California: Drought & Jobs, Housing

Drought and Jobs. California had less than normal rainfall in 2007, 2008, and 2009 (www.water.ca.gov/drought). Restrictions were imposed on pumping water via the San Joaquin-Sacramento River Delta to protect endangered fish. Farmers and their political allies complained that the government was choosing fish over food by restricting pumping, while fisherman and environmentalists asserted that pumping water for farmers was eliminating Delta smelt and other species.

Politicians and news media visited San Joaquin Valley cities such as Mendota, where the unemployment rate reached 40 percent in 2008, to support farmers who demanded more water to grow crops. Senator Dianne Feinstein (D-CA) cited high unemployment rates as evidence of the need to re-evaluate the biological opinions based on the Endangered Species Act that led to restrictions on pumping.

Predictions of how many farm jobs would be eliminated by reduced water deliveries proved to be high. University of California-Davis Economist Richard Howitt estimated that the drought and pumping restrictions would reduce farm revenue by up to $1.6 billion in 2009, eliminating up to 80,000 farm jobs on the assumption that each $1 million loss in farm sales eliminates 50 jobs, that is, each $20,000 in lost farm sales means one less farm job. Howitt later reduced his estimate of reduced revenue to $710 million and 35,000 fewer farm jobs.

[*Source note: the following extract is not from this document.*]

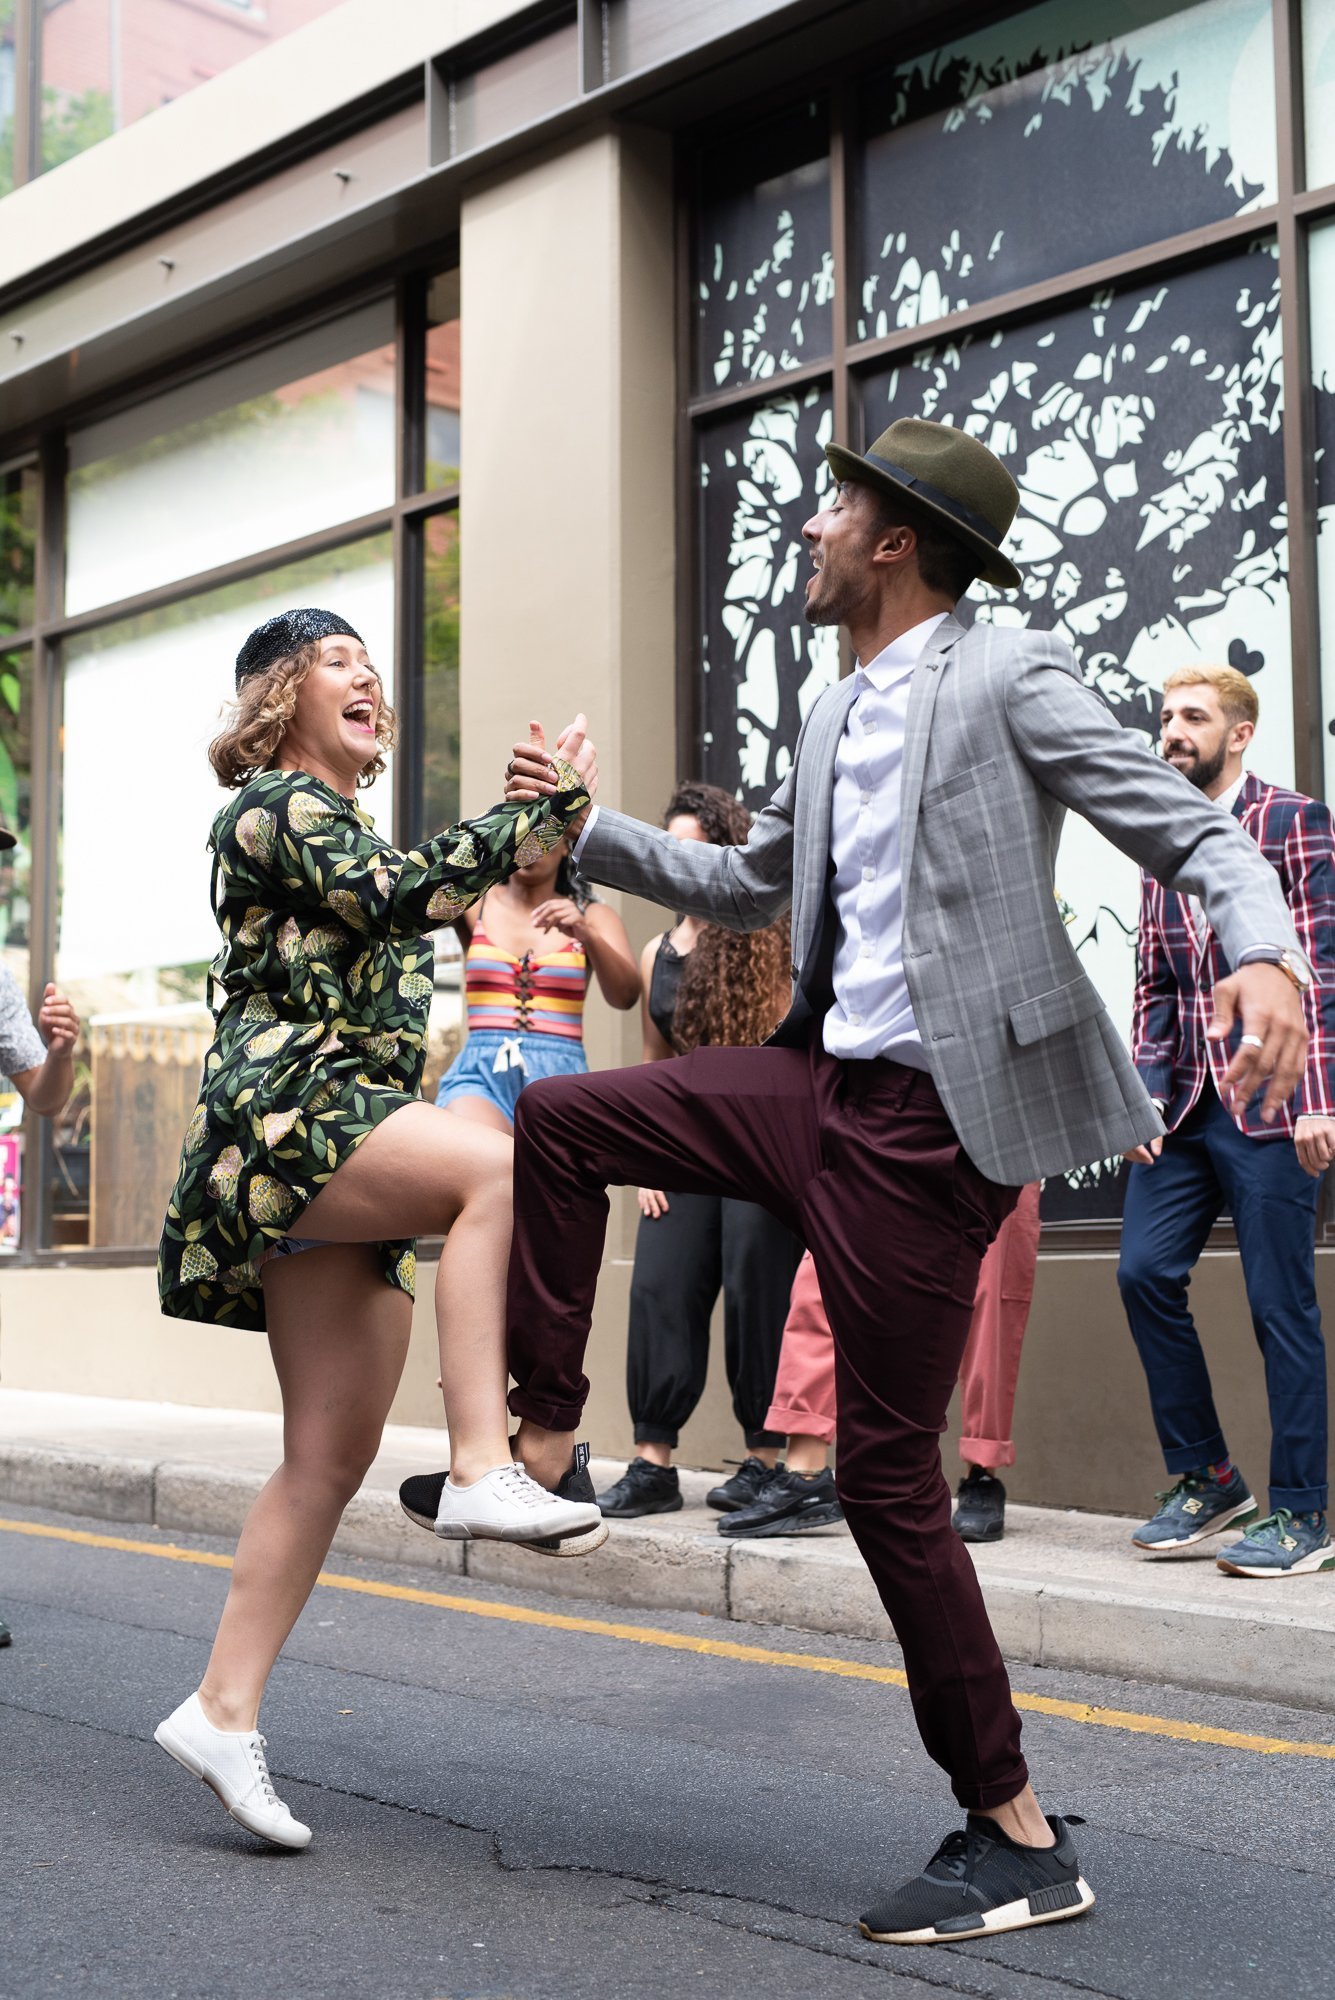 Dance off in Ebenezer Place wearing the latest fashion from boutiques on the strip

University of the Pacific economist Jeffrey Michael began with employment data rather than farm revenue. Michael found that average annual San Joaquin Valley farm employment peaked at about 200,000 in 1995-96, fell to 165,000 between 2001 and 2004, and rose to 185,000 since. Meanwhile, average San Joaquin Valley construction employment rose from about 45,000 in the mid-1990s to a peak 85,000 in 2005 before falling to 65,000 in 2008. Michael concluded that the loss of construction jobs was a far more important reason for high San Joaquin Valley unemployment rates than reduced water deliveries.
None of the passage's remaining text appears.